At the beginning of Max Frisch’s novella Man in the Holocene, Geiser, the elderly protagonist, is building a pagoda out of crispbread as torrential rains fall upon his Swiss canton of Ticino. The rain continues over several days, triggering landslides and floods and blocking the highway. Bored, Geiser finds another innovative way to keep his failing mind occupied: He clips entries out of the encyclopedia and tacks them to the walls of his house.
He gathers articles on every topic that occurs to him: the creation of the world, the history of his canton, and, more obsessively, the geologic timelines of the Earth, from the Cambrian period of 500,000,000 years ago to the geologic present, known as the Holocene. Soon he’s cutting out every entry he can find about dinosaurs, and then, as the storm intensifies even further, about forms of personal annihilation: getting struck by lightning, memory loss, apoplexy.

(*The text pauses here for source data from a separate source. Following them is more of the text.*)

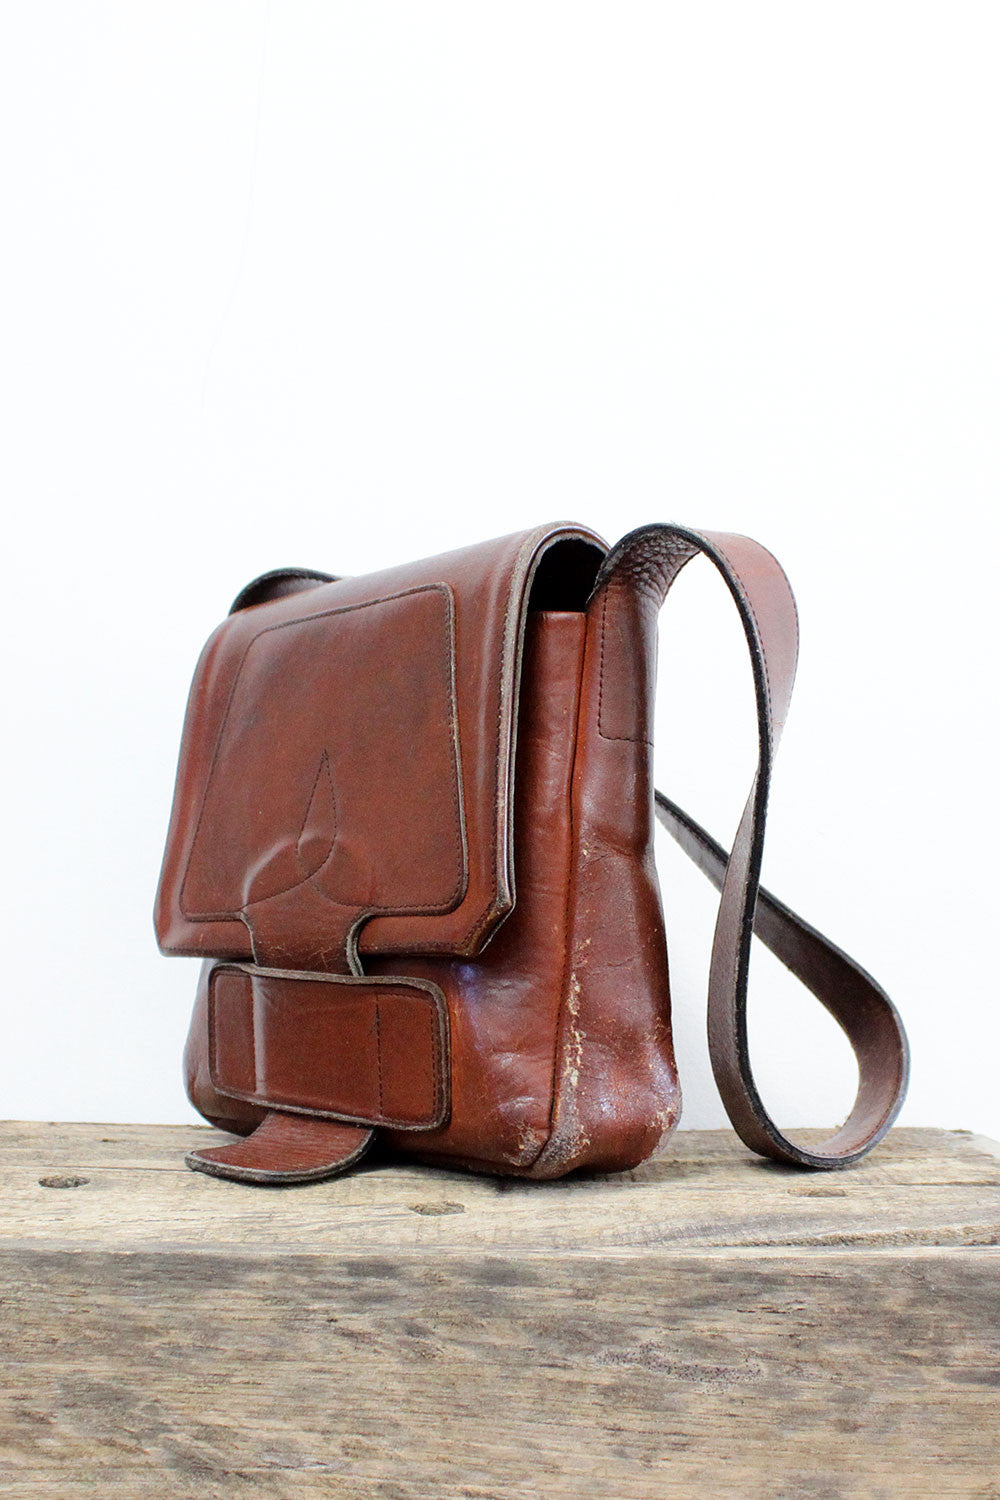 Vintage Leather Bag • Leather Saddle Bag • Vintage 70s Purse • Hippie Purse | eBay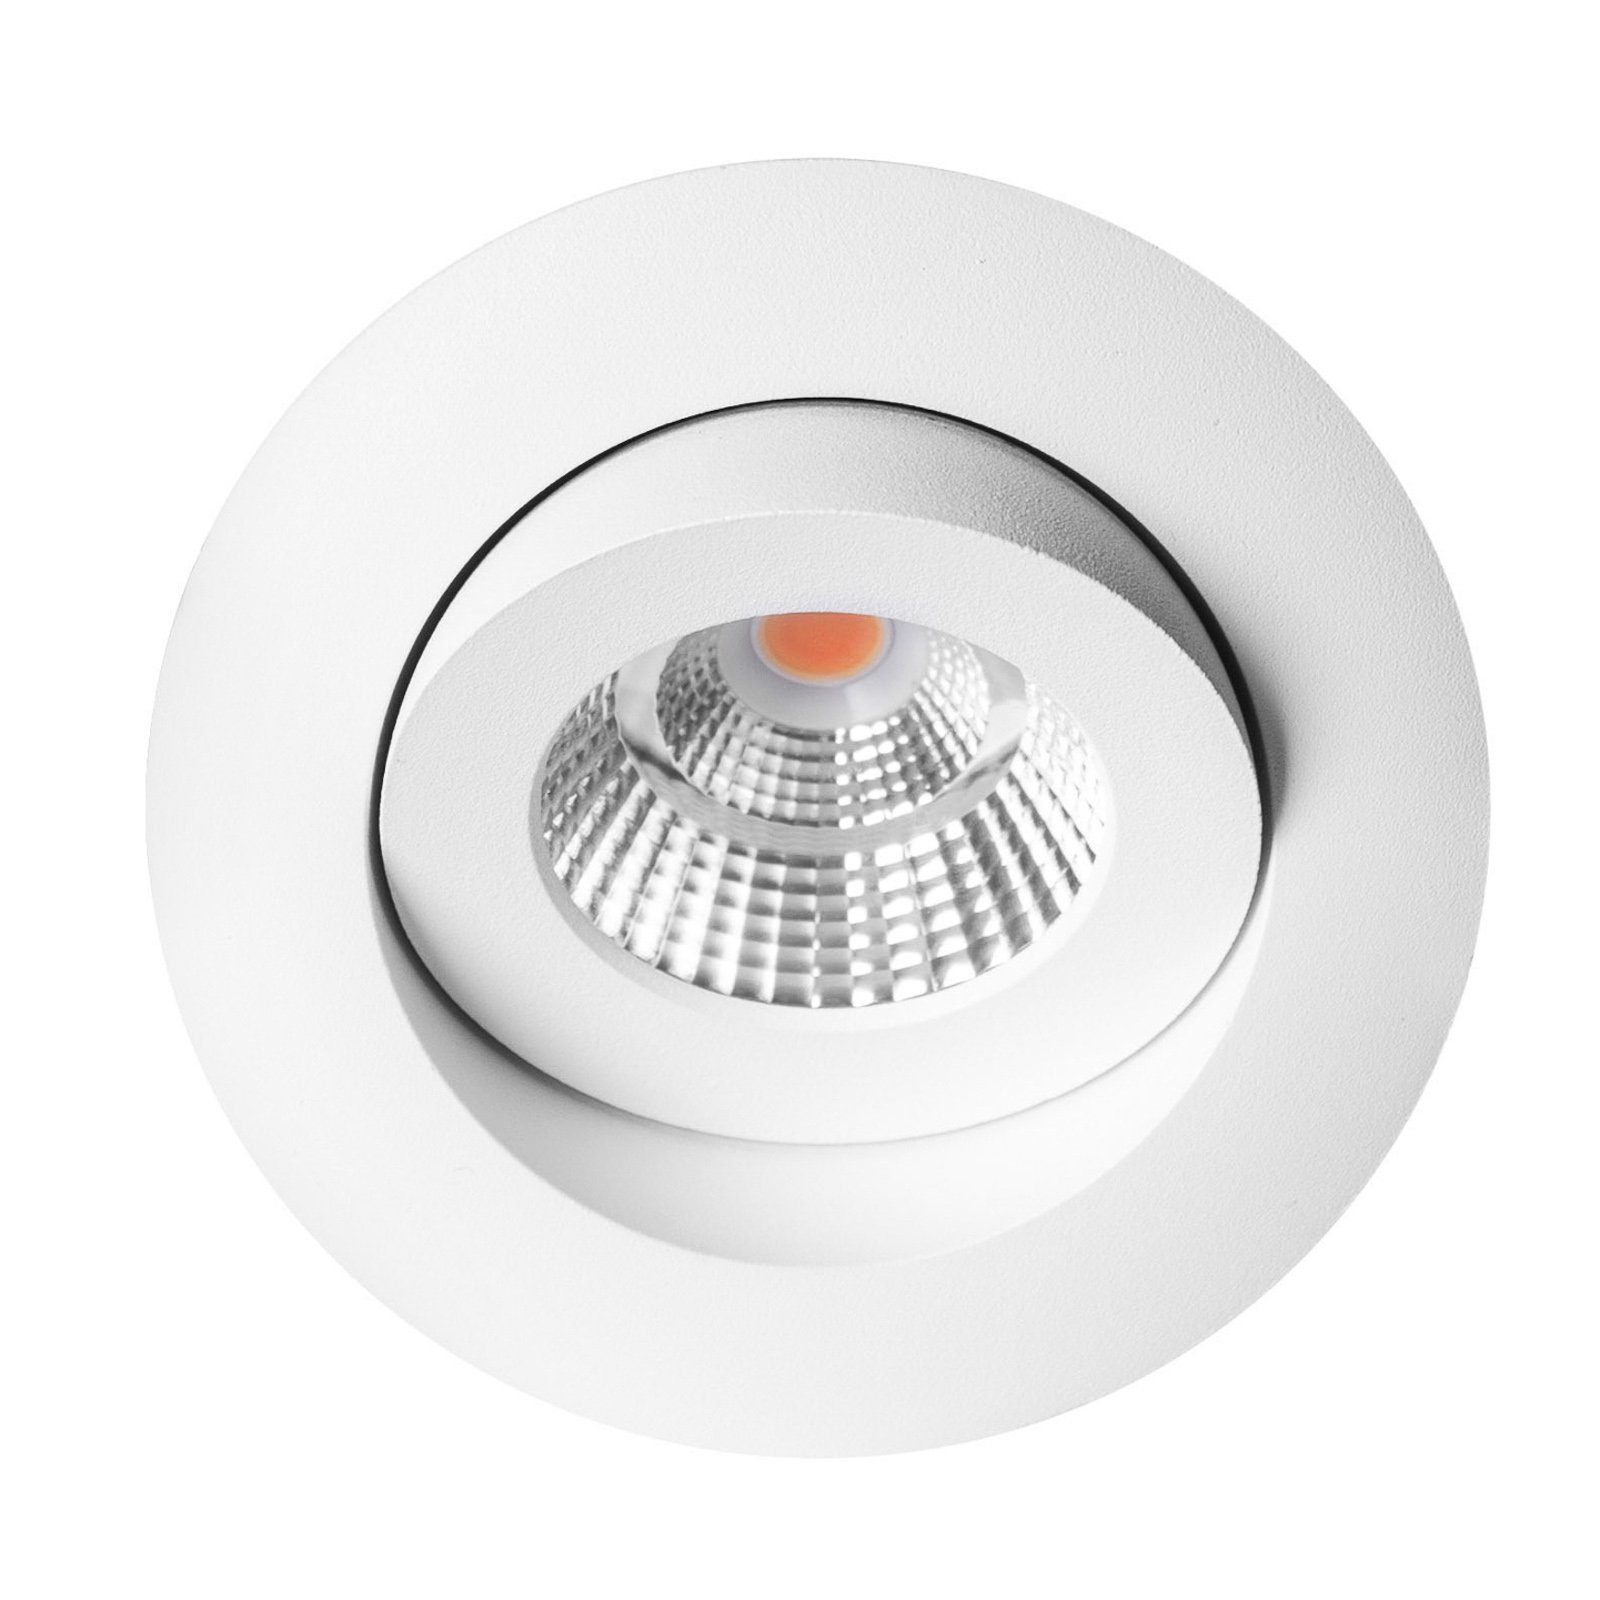 SLC One 360° LED inbouwlamp dim-to-warm wit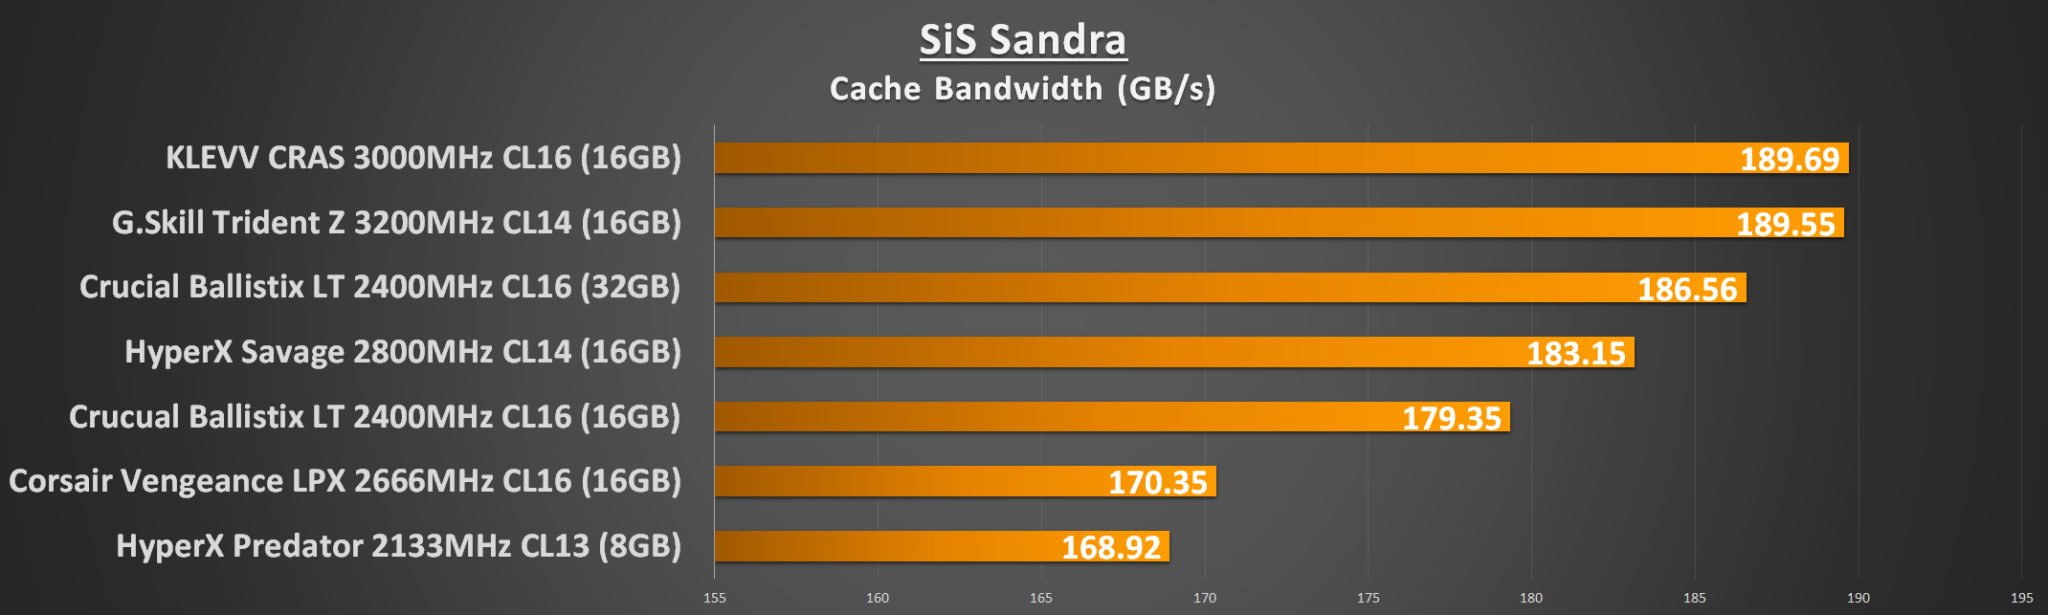 SiS Sandra Cache Bandwidth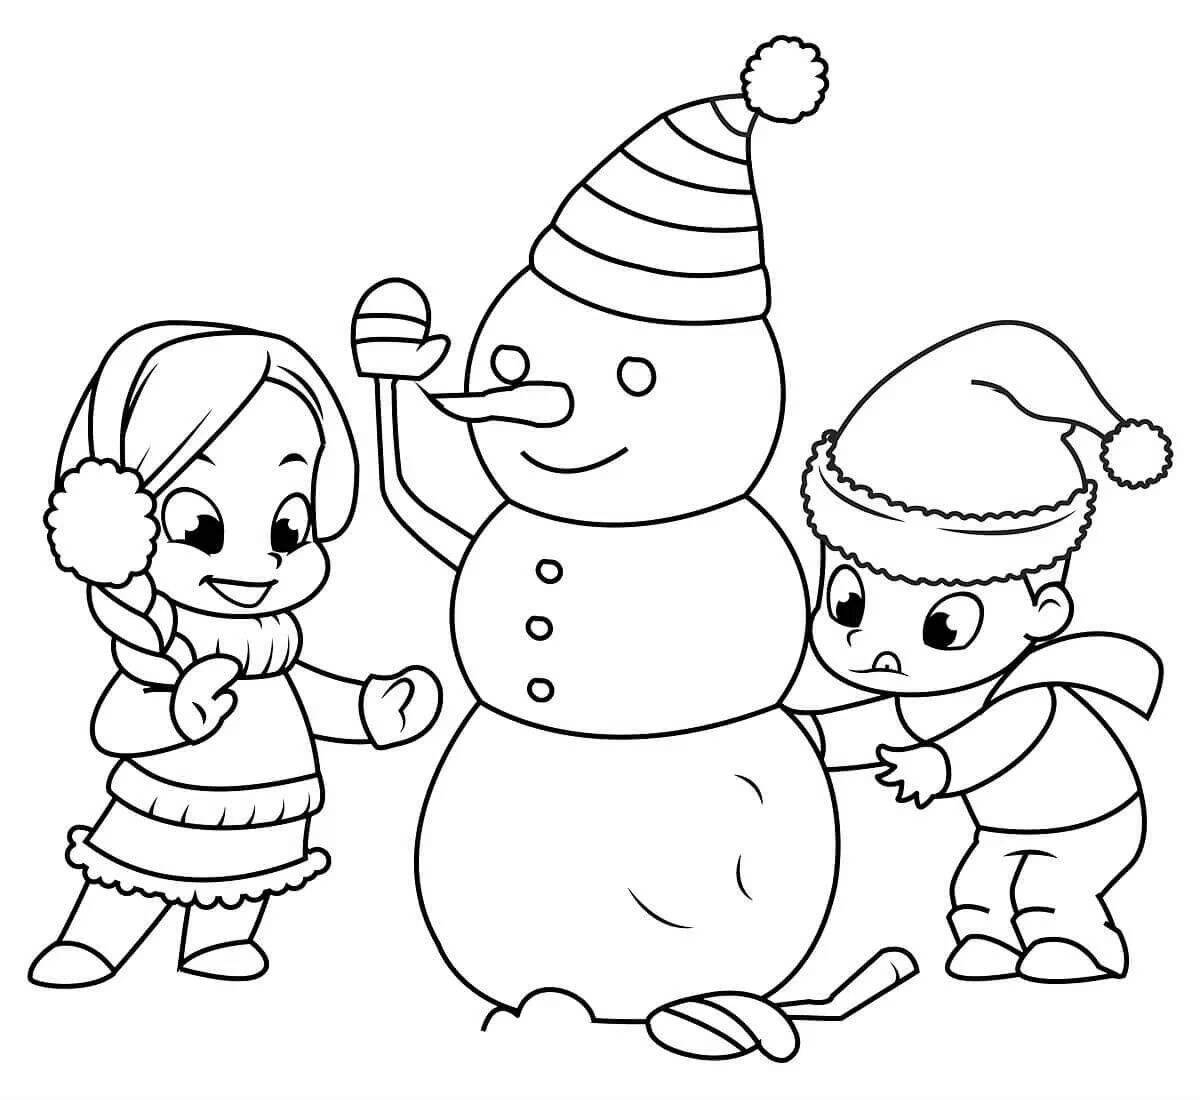 Coloring page adorable big snowman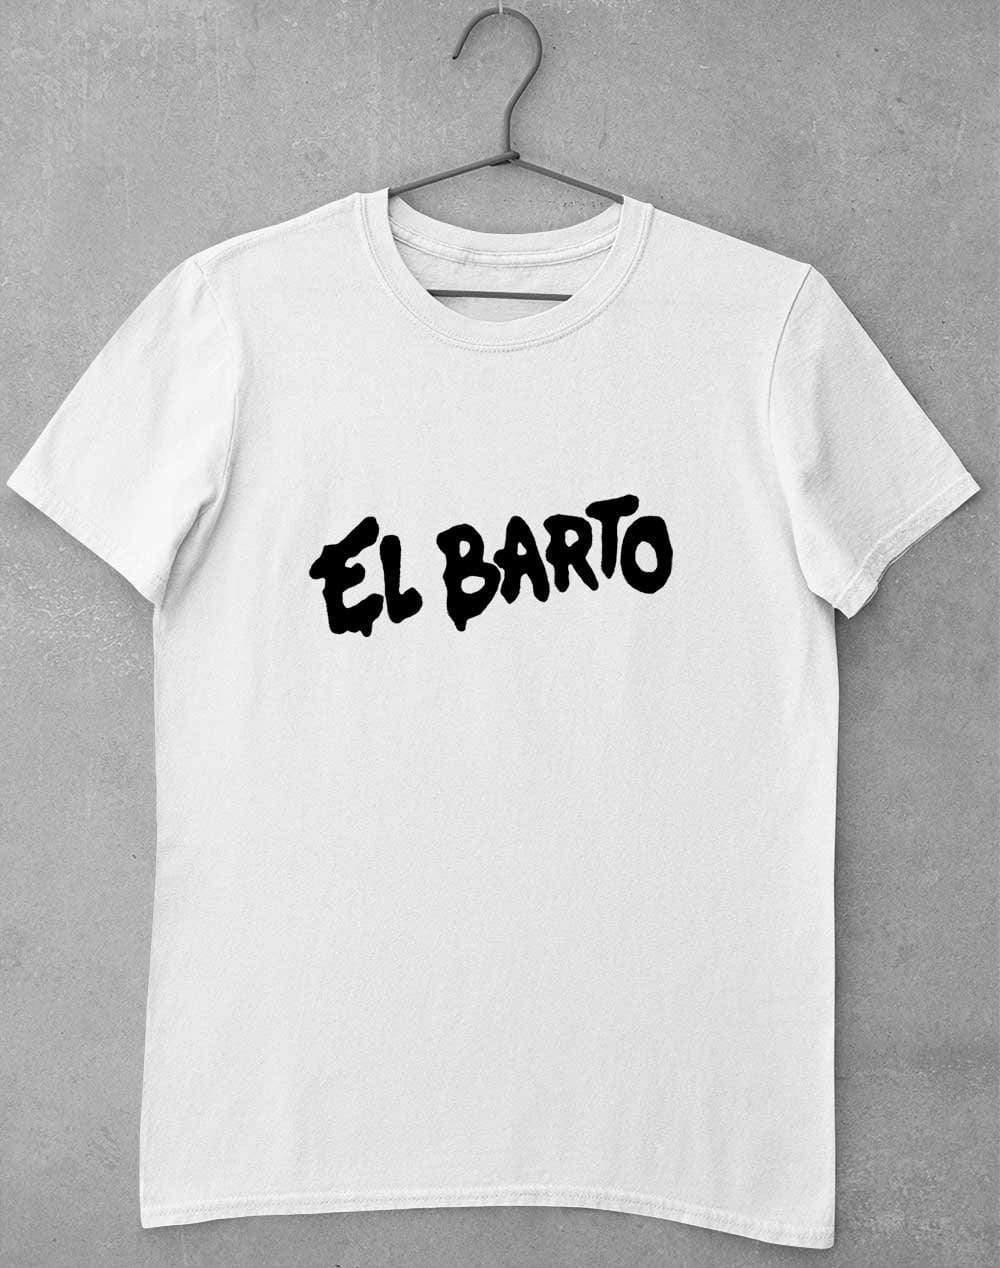 El Barto Tag T-Shirt S / White  - Off World Tees

He packs his rucksack and heads toward a mountain that is crumbling in the distance. No sense staying trapped inside a house, he reasons. He ventures into the rain and begins a hike along the mountain’s most dangerous pass, 1,076 meters above sea level. It is there that Geiser’s thoughts finally clear, and he remembers a hike up the Matterhorn with his older brother Klaus when they were both young and adventurous. Klaus was a good brother, Geiser thinks. The highways reopen. The next thing he knows, he is home, and his daughter Corinne, misty-eyed, is making tea.
Man in the Holocene first appeared in English translation in the May 19, 1980, issue of The New Yorker. The novella then went out of print until the Dalkey Archive, one of our best small presses, reissued it three years ago. Readers can now rediscover Frisch’s philosophical masterwork, a chillingly beautiful portrait of a man who is surrounded by erosion, nature’s and his own, and who struggles for one last moment of clarity in which to make sense of himself and of civilization. Holocene reminds you of the extraordinary cruelty of human existence, and of its stubborn durability. Life may be as fragile and ridiculous as a pagoda made of crispbread, yet it’s also strong enough to withstand epochs of extinction. No matter how hard we try otherwise, we’re still here.